Long-term association between disease activity and disability in early axial spondyloarthritis: results from the DESIR cohort

Arthritis Care Res (Hoboken). 2020 Nov 18. doi: 10.1002/acr.24515. Online ahead of print.

Abstract

Objectives: Our primary objective was to study the long-term association between disease activity and disability in axial spondyloarthritis (axSpA). Our secondary objective was to define patient profiles according to their level of disability.

Methods: We analysed data collected during the first five years of follow-up of a large early axSpA cohort - the Devenir des Spondylarthropathies Indifferénciées Récentes (DESIR) cohort. Multivariable models were built to study the association between Ankylosing Spondylitis Health Assessment Questionnaire (HAQ-AS) and Ankylosing Spondylitis Disease Activity Score C-reactive protein (ASDAS-CRP), adjusting for potential confounders. Hierarchical multivariable analysis was conducted using the Chi-square Automatic Interaction Detector (CHAID) method, to help determine how variables best cluster to explain HAQ-AS.

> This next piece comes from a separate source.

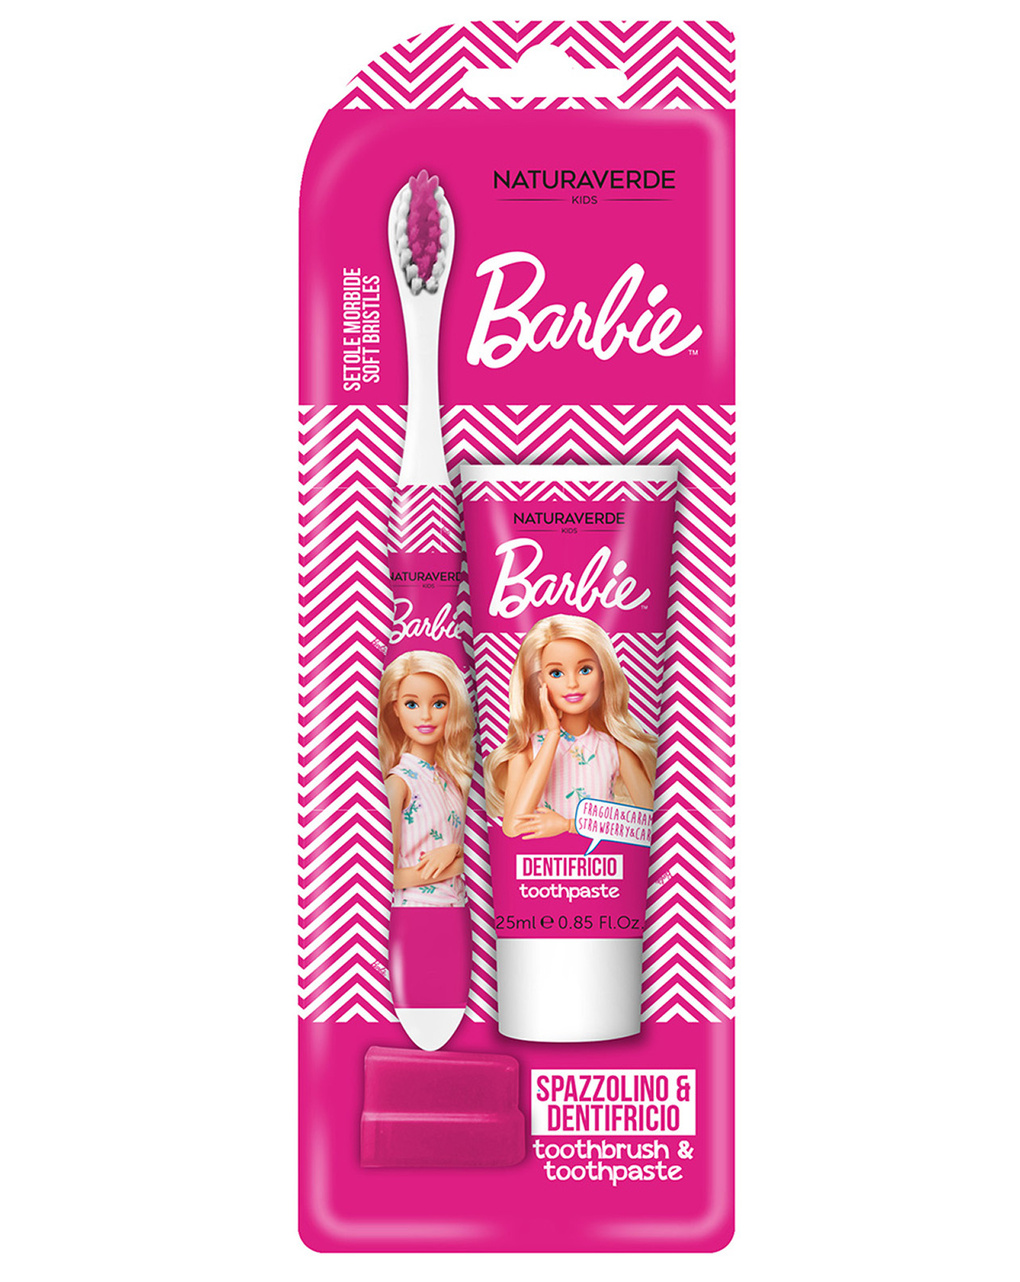 Kit oral care barbie (dentifricio 25ml + spazzolino) - naturaverde - NaturaVerde

Results: Data from 644 patients and 5152 visits were analysed. HAQ-AS was longitudinally, independently and positively associated with ASDAS-CRP [adjusted (adj) B=0.205, (95% confidence interval (CI)= 0.187 to 0.222], enthesitis score (adjB=0.011, CI=0.008 to 0.015), Bath Ankylosing Spondylitis Metrology Index (BASMI) (adjB=0.087, CI=0.069 to 0.105) and female gender (adjB=0.172, CI=0.120 to 0.225). The CHAID decision tree revealed ASDAS-CRP as the first variable with discriminative power on HAQ-AS. The cut-offs that separated different patient disability profiles were obtained.

Conclusion: Disease activity contributes longitudinally to disability and is hierarchically superior to any other variable in explaining this health domain. Enthesitis and spinal mobility are also key drivers of disability in early axSpA. ASDAS-CRP cut-offs that separated different patient disability profiles largely mimicked the cut-offs previously defined for ASDAS-CRP disease activity states.